RECORDED INFORMATION
________________________________________
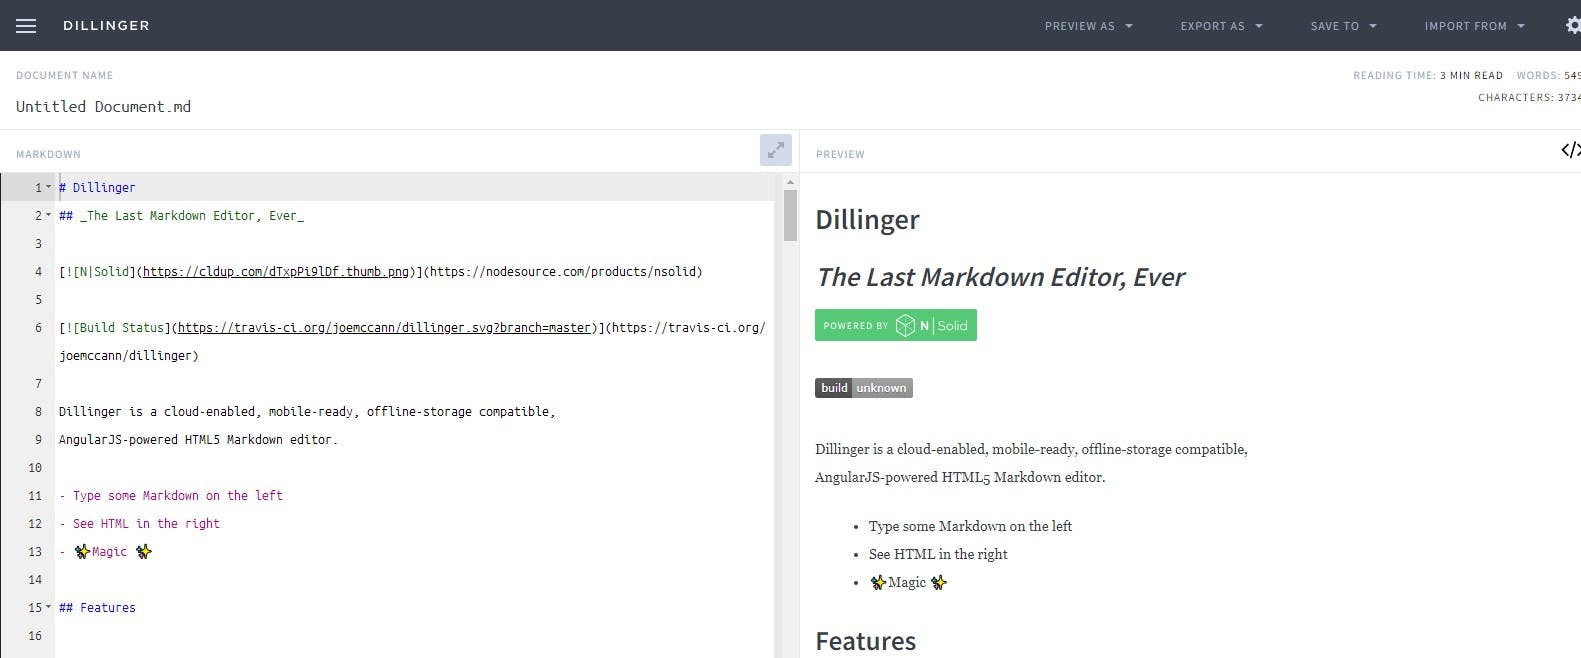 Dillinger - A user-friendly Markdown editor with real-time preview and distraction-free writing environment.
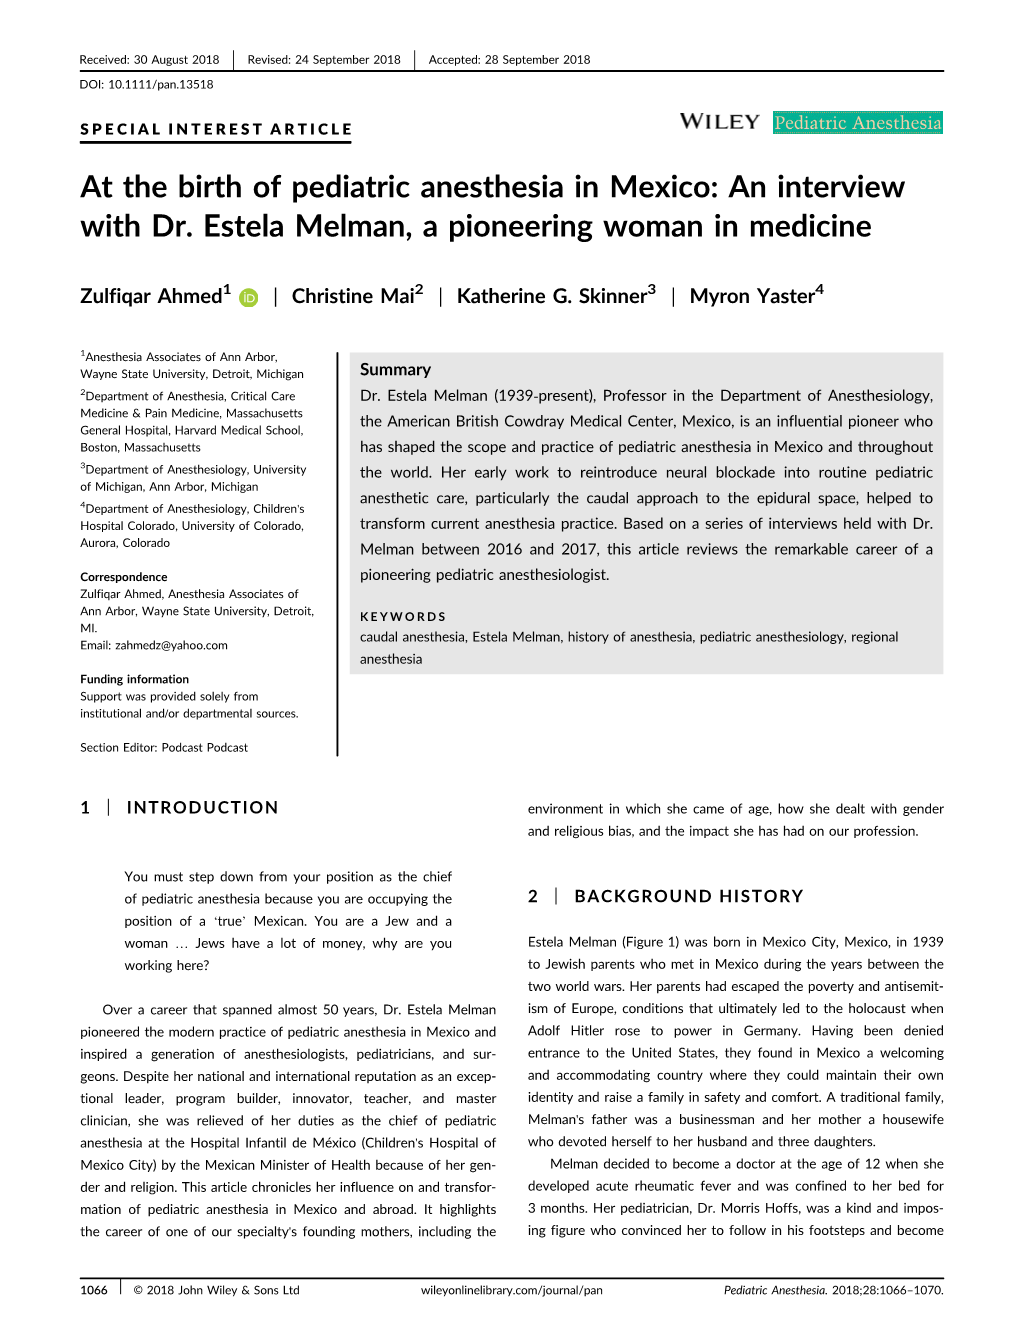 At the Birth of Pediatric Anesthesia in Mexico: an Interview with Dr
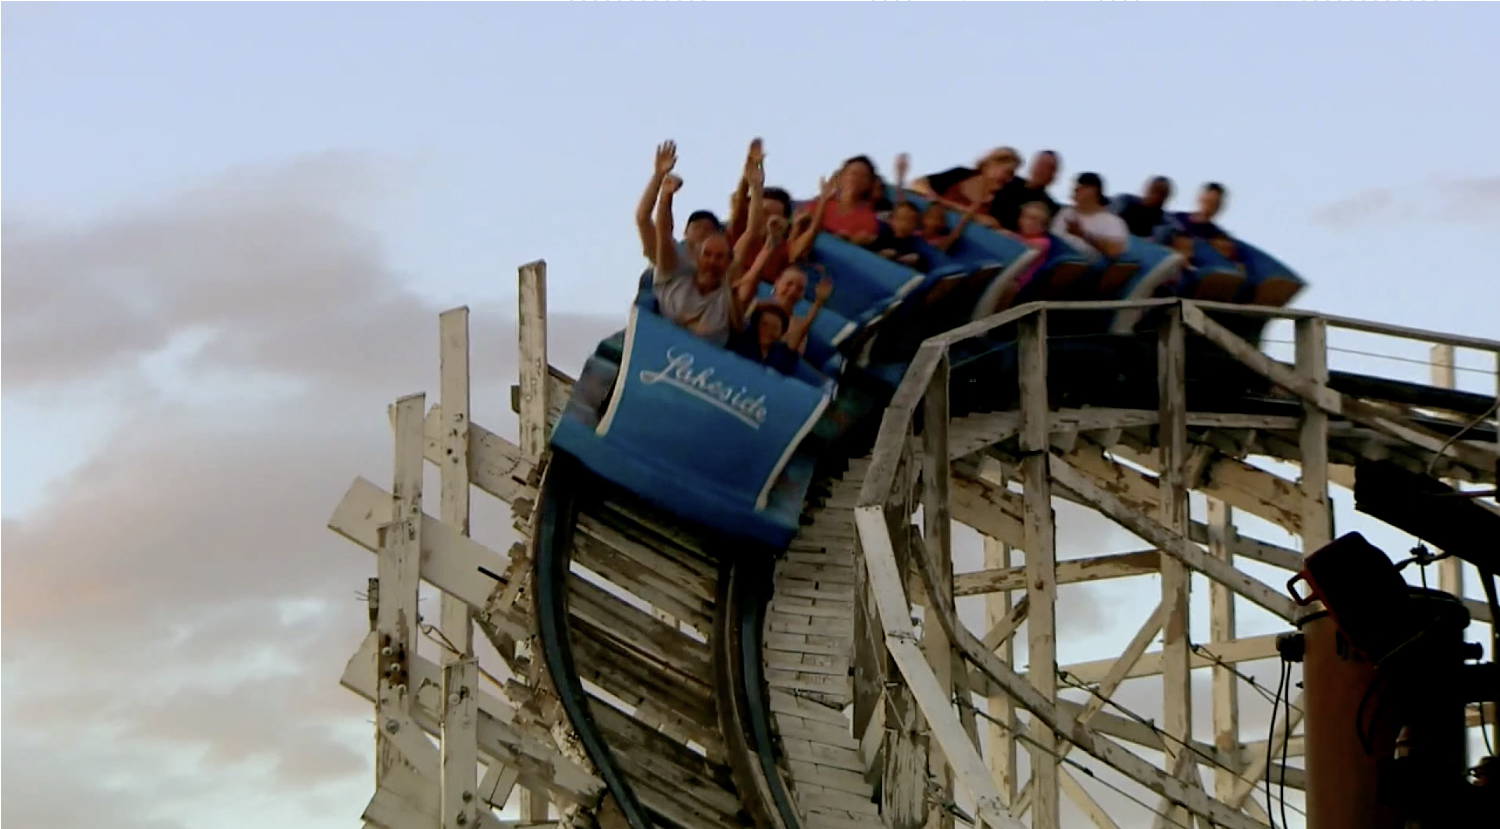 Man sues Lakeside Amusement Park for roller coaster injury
________________________________________
ASSIGNED TASK
The listing above is to be written out again exactly, with its pictures omitted.

OUTPUT OF THE TASK
 Dillinger - A user-friendly Markdown editor with real-time preview and distraction-free writing environment.
 At the Birth of Pediatric Anesthesia in Mexico: an Interview with Dr
 Man sues Lakeside Amusement Park for roller coaster injury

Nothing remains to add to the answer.